CoursesSOPSIntermediate

Formats & integrations

YAML, JSON, env, binary; tooling.

Intermediate10 min · lesson 8 of 12

SOPS is format-aware and partial-encrypts YAML, JSON, and .env and ini files natively (understanding their structure to encrypt only values), and can encrypt arbitrary binary files as an opaque blob when structure does not apply. This breadth is why it slots into so many workflows — Kubernetes manifests and Helm values (YAML), Terraform tfvars (JSON), app .env files, and dotfiles all work. The format determines whether you get the readable-structure benefit or a fully-opaque encryption.

terminal
$ sops -e --age $PUB secrets.json > secrets.enc.json # JSON: values encrypted
$ sops -e --age $PUB .env > .enc.env # env file: VALUES encrypted
$ sops -e --age $PUB --input-type binary keystore.jks > keystore.enc # opaque blob

Integrations

A rich ecosystem consumes SOPS files.
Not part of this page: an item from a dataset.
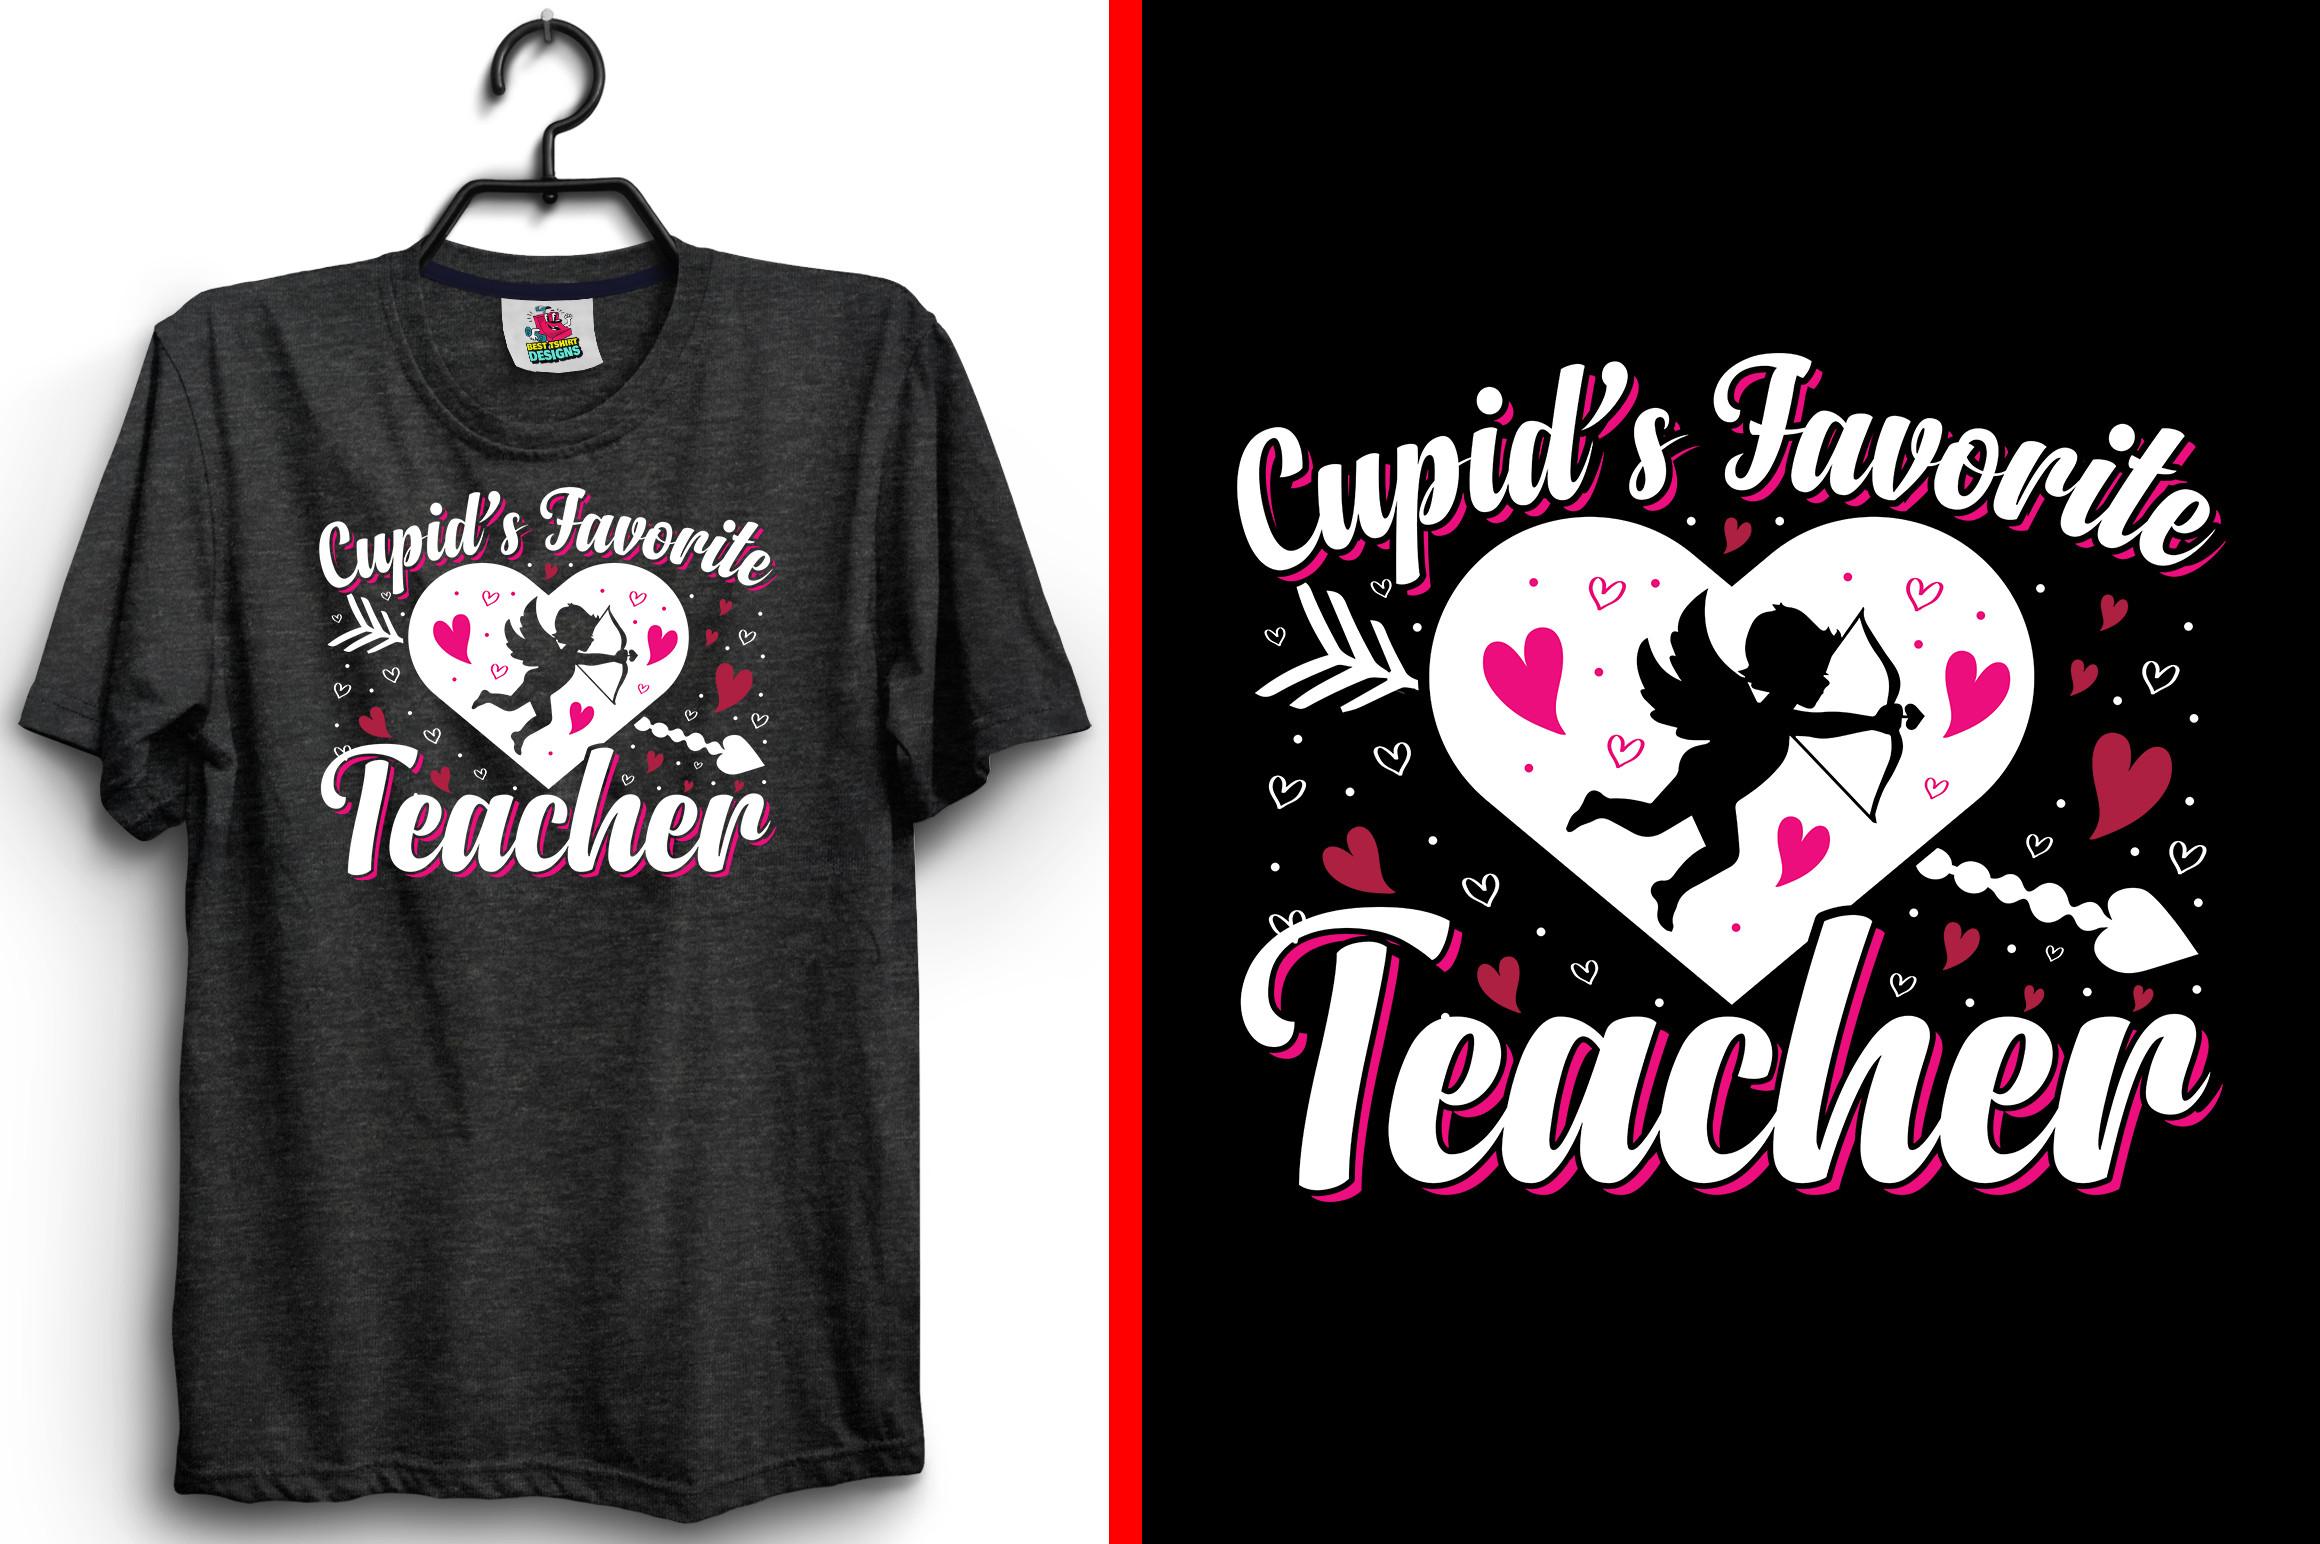 Cupid's Favorite Valentine's Day T-Shirt

Helm has a secrets plugin (helm-secrets) that decrypts SOPS values at deploy. Terraform can read SOPS-encrypted data via a provider or an external data source. Kustomize decrypts via a KSOPS generator. Flux and Argo CD decrypt SOPS natively (the GitOps lesson). And exec-env / exec-file let you inject decrypted secrets into a process’s environment for a command — sops exec-env secrets.enc.yaml ’./app’ — without ever writing plaintext to disk.

terminal
# run a process with decrypted secrets in its environment, no plaintext file on disk
$ sops exec-env secrets.enc.yaml 'node server.js'
# helm: helm secrets install app ./chart -f secrets.enc.yaml
exec-env is safer than writing a decrypted file
When feeding secrets to a process, prefer sops exec-env / exec-file (which inject decrypted values into the environment or a temp file only for the command’s lifetime) over sops -d > secrets.plain, which leaves a plaintext file on disk that can be forgotten, backed up, or committed. Minimize how long and how widely plaintext exists; the exec- helpers exist precisely to avoid a lingering decrypted file.